British pop singer Dua Lipa has won a lawsuit that claimed she copied the melody of her hit song “Levitating” from a Seventies disco track.
Songwriters L Russell Brown and Sandy Linzer sued Lipa in 2022, accusing her of infringing on their copyright for two songs: their 1979 track “Wiggle and Giggle All Night”, recorded by Cory Daye, and the 1980 song “Don Diablo” by Spanish singer Miguel Bosé, which they successfully acquired the rights to through a previous copyright case.
The pair, who co-wrote several hits in the Seventies, accused Lipa, 29, of using their “signature melody” from “Wiggle” six times through “Levitating”, around a third of the total song length.
Lipa’s lawyers denied that she had heard the song before co-writing “Levitating” and said Brown and Linzer could not “monopolise one of the most commonplace and rudimentary elements of music: the use of a minor scale”.

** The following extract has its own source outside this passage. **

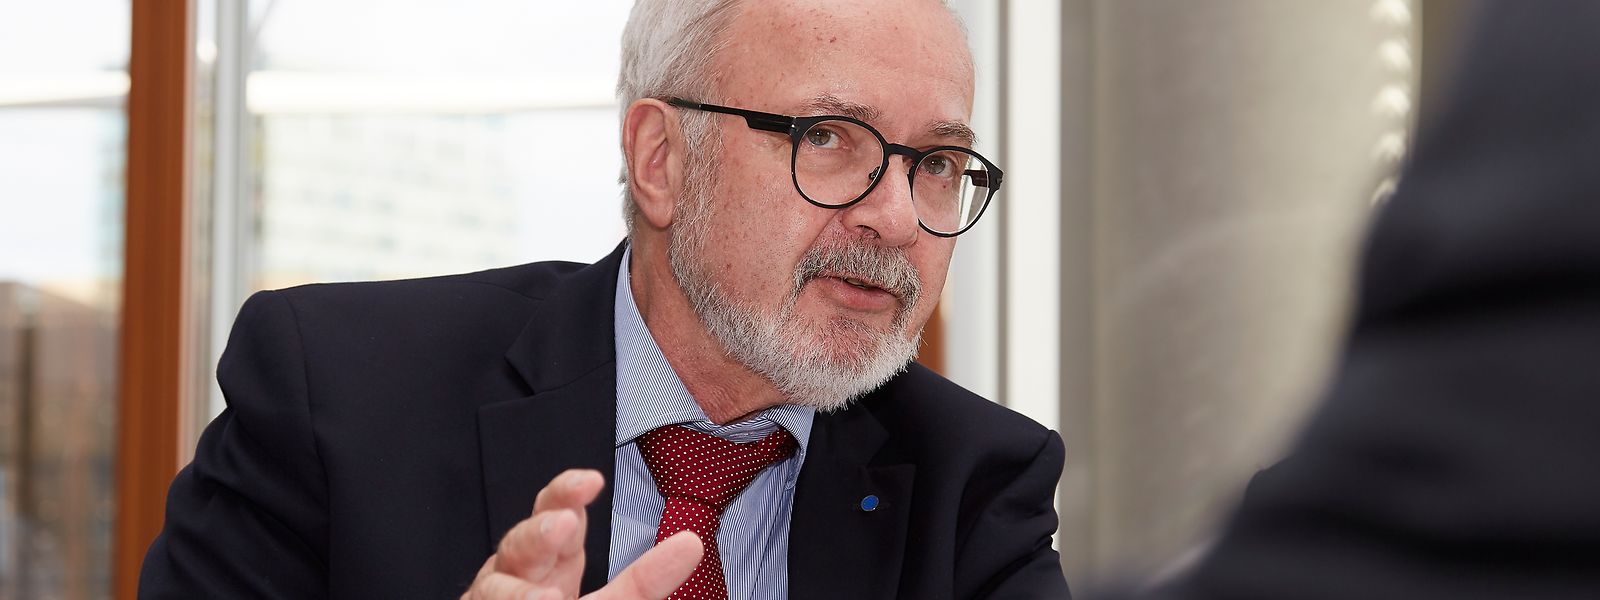 Werner Hoyer ist seit Januar 2012 Präsident der Europäischen Investitionsbank.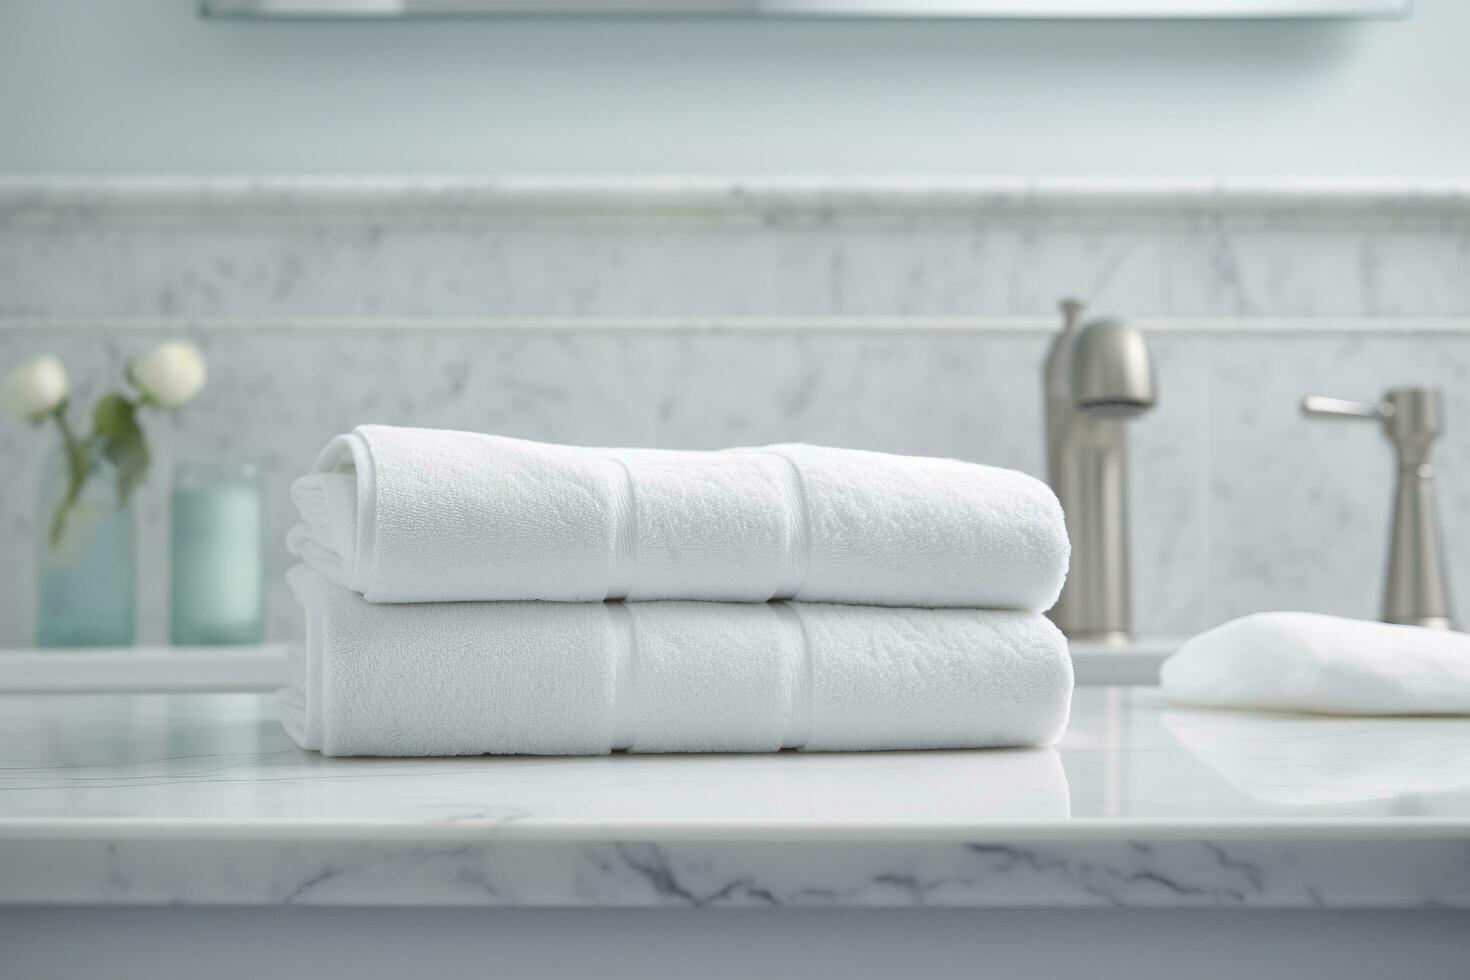 das Welt am weichsten Handtücher gegen ein minimalistisch Hintergrund. gestapelt Weiß Handtücher sitzen auf oben von ein Seife Gericht im ein Badezimmer. ai generativ foto

Court documents show that US district judge Katherine Polk Failla determined that the musical phrase shared by “Levitating” and the plaintiffs’ works amounted to “five groupings of repeated 16th notes descending on a B minor scale in ‘Levitating’ but on a D major scale in ‘Don Diablo’.”
The court concluded that the descending scale, along with one additional note that the plaintiffs argued created a “signature melody”, was not protectable under copyright law.

Judge Faila acknowledged that “Levitating” shared generic melodies similar to the ones used in “Wiggle” but found that the individual elements of the songs “lacked sufficient originality alone, or as combined” to be protectable under copyright law.
She cited the defendants’ evidence that the “patter style” of singing heard in both songs had been “used for centuries”, including in operas by Mozart and Rossini. and the Bee Gees. The tempo heard in the two songs, too, was not uncommon, she said, noting that both “Levitating” and “Stayin’ Alive” by the Bee Gees were 103 beats per minute.
Meanwhile, Brown and Linzer’s claim regarding the similar musical styles, defined by them as “pop with a disco feel”, and the songs’ creation for the purpose of “entertainment and dancing”, were not considered characteristics that would make their musical phrase protectable.
“To hold otherwise would be to completely foreclose the further development of music in that genre or for that purpose,” she said.
The ruling made a number of references to the headline-making 2023 decision that found Ed Sheeran’s 2014 hit “Thinking Out Loud” did not infringe on Marvin Gaye’s 1973 track “Let’s Get It On”.
Sheeran’s case established that “basic musical building blocks like notes, rhythms and chords and generally not copyrightable” though “a work consisting of unprotectable elements may still be protectable as an original ‘selection and arrangement’ of those elements.”

At the time, Sheeran said he was happy with the outcome but expressed frustration that the case had gone to court to begin with: “We’ve spent the last eight years talking about two songs with dramatically different lyrics, melodies and four chords, which are also different and are used by songwriters every day, all over the world.
“They are in a songwriter’s alphabet, our toolkit, and should be there for all of us to use,” he said. “No one owns them or the way they’re played in the same way no one owns the colour blue.”
The decision over “Levitating” arrived five years to the day since Lipa released her second album, Future Nostalgia, which featured the track as a single.
She is currently on her 55-date Radical Optimism tour, with the final date of the Australian leg scheduled for tomorrow at the Qudos Bank Arena in Sydney.
Brown and Linzer’s attorney Jason Brown said they plan to appeal.